反思图分类中噪声标签的影响：效用与隐私的视角

基于消息传递机制的图神经网络（GNN）在图分类任务中取得了先进的成果。然而，当训练数据中存在噪声标签时，它们的泛化性能就会下降。现有的噪声标签方法大多侧重于视觉领域或图节点分类任务，并且仅从效用角度分析噪声标签的影响。与现有工作不同的是，本文从数据隐私和模型效用的角度来衡量噪声标签对图分类的影响。我们发现，噪声标签会降低模型的泛化性能，并增强对图数据隐私的成员推断攻击能力。为此，我们提出了带噪声标签图分类的鲁棒图神经网络（RGLC）方法。具体来说，我们首先通过高置信度样本和每个类的第一个特征主成分向量精确过滤噪声样本。然后，利用鲁棒主成分向量和数据增强下的模型输出，在双重空间信息的引导下实现噪声标签校正。最后，引入有监督的图对比学习来提高模型的嵌入质量，并保护训练图数据的隐私。通过在八个真实图分类数据集上比较十二种不同的方法，验证了所提方法的实用性和隐私性。与最先进的方法相比，RGLC 方法在 30% 的噪声标记率下分别实现了最多和至少 7.8% 和 0.8% 的性能增益，并将隐私攻击的准确率降低到 60% 以下。

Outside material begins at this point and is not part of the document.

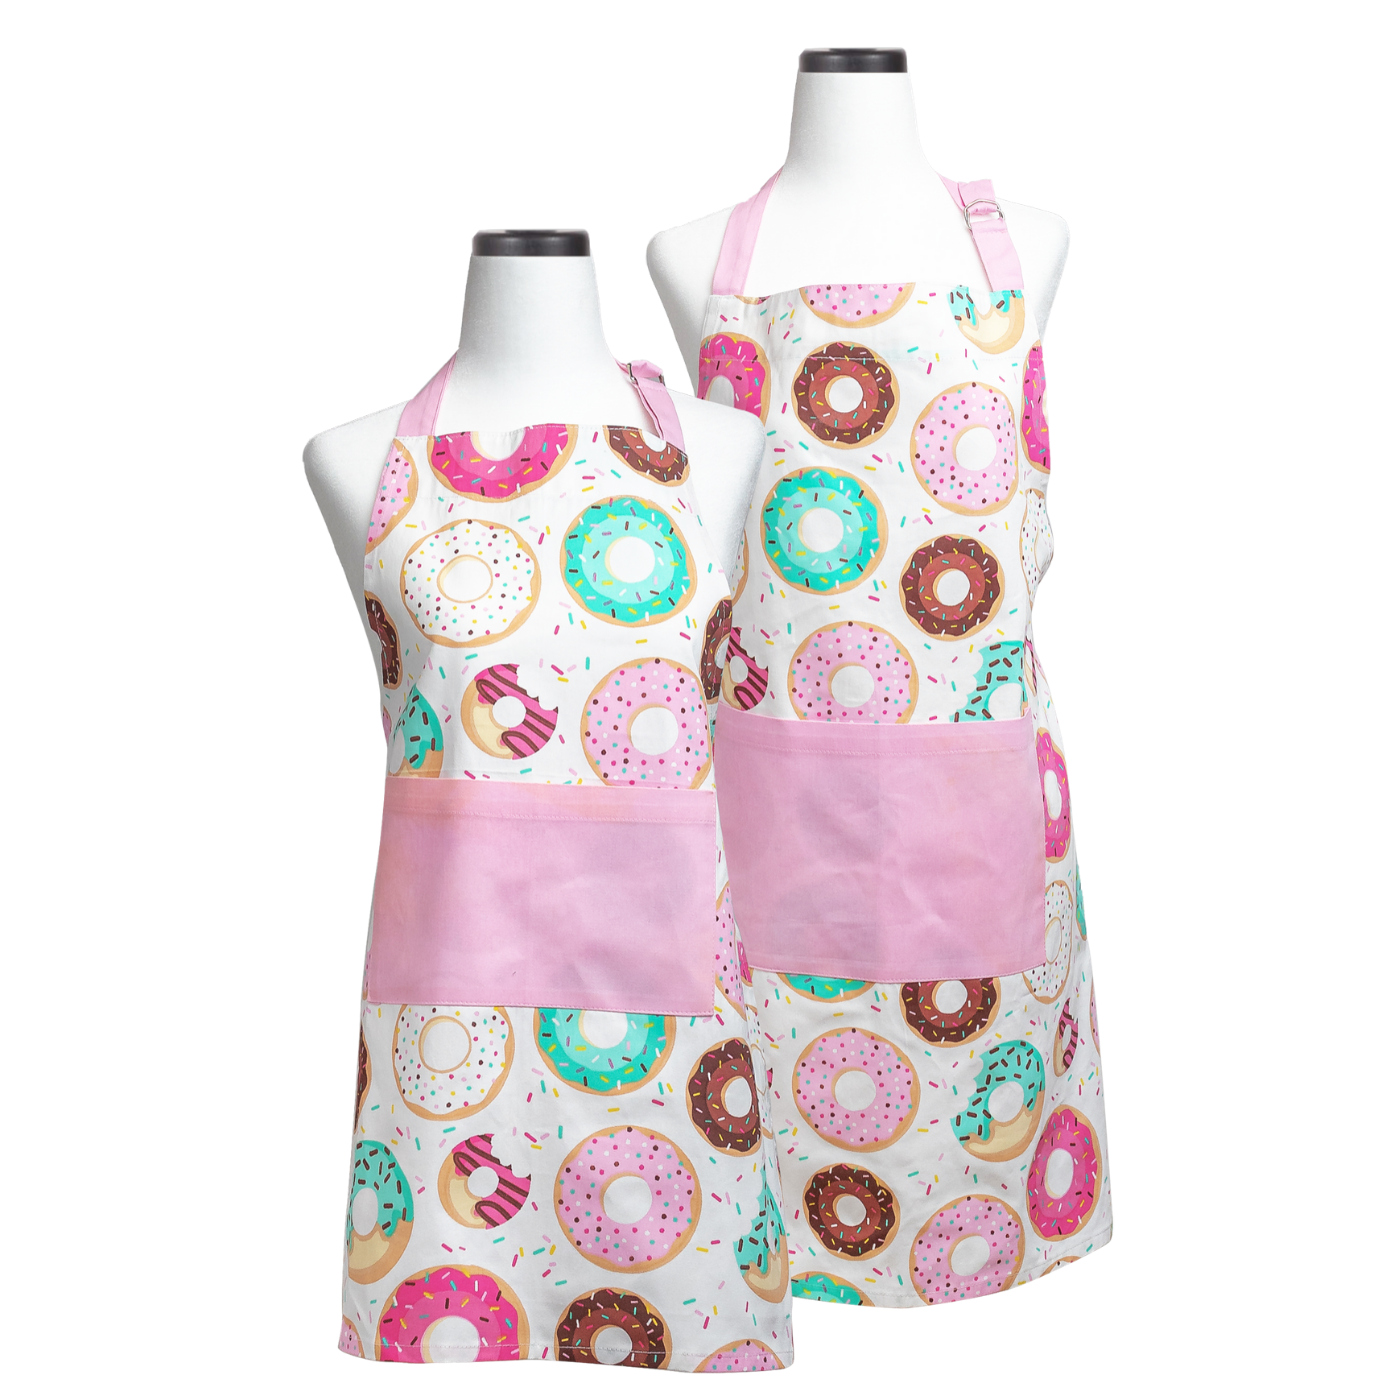 Funny Kitchen Apron for Women Cooking Apron With Pockets Party

本文章由计算机程序翻译，如有差异，请以英文原文为准。

求助全文

约1分钟内获得全文求助全文

来源期刊

Neural Networks 工程技术-计算机：人工智能

CiteScore

13.90

自引率

7.70%

发文量

425

审稿时长

67 days

期刊介绍： Neural Networks is a platform that aims to foster an international community of scholars and practitioners interested in neural networks, deep learning, and other approaches to artificial intelligence and machine learning. Our journal invites submissions covering various aspects of neural networks research, from computational neuroscience and cognitive modeling to mathematical analyses and engineering applications. By providing a forum for interdisciplinary discussions between biology and technology, we aim to encourage the development of biologically-inspired artificial intelligence.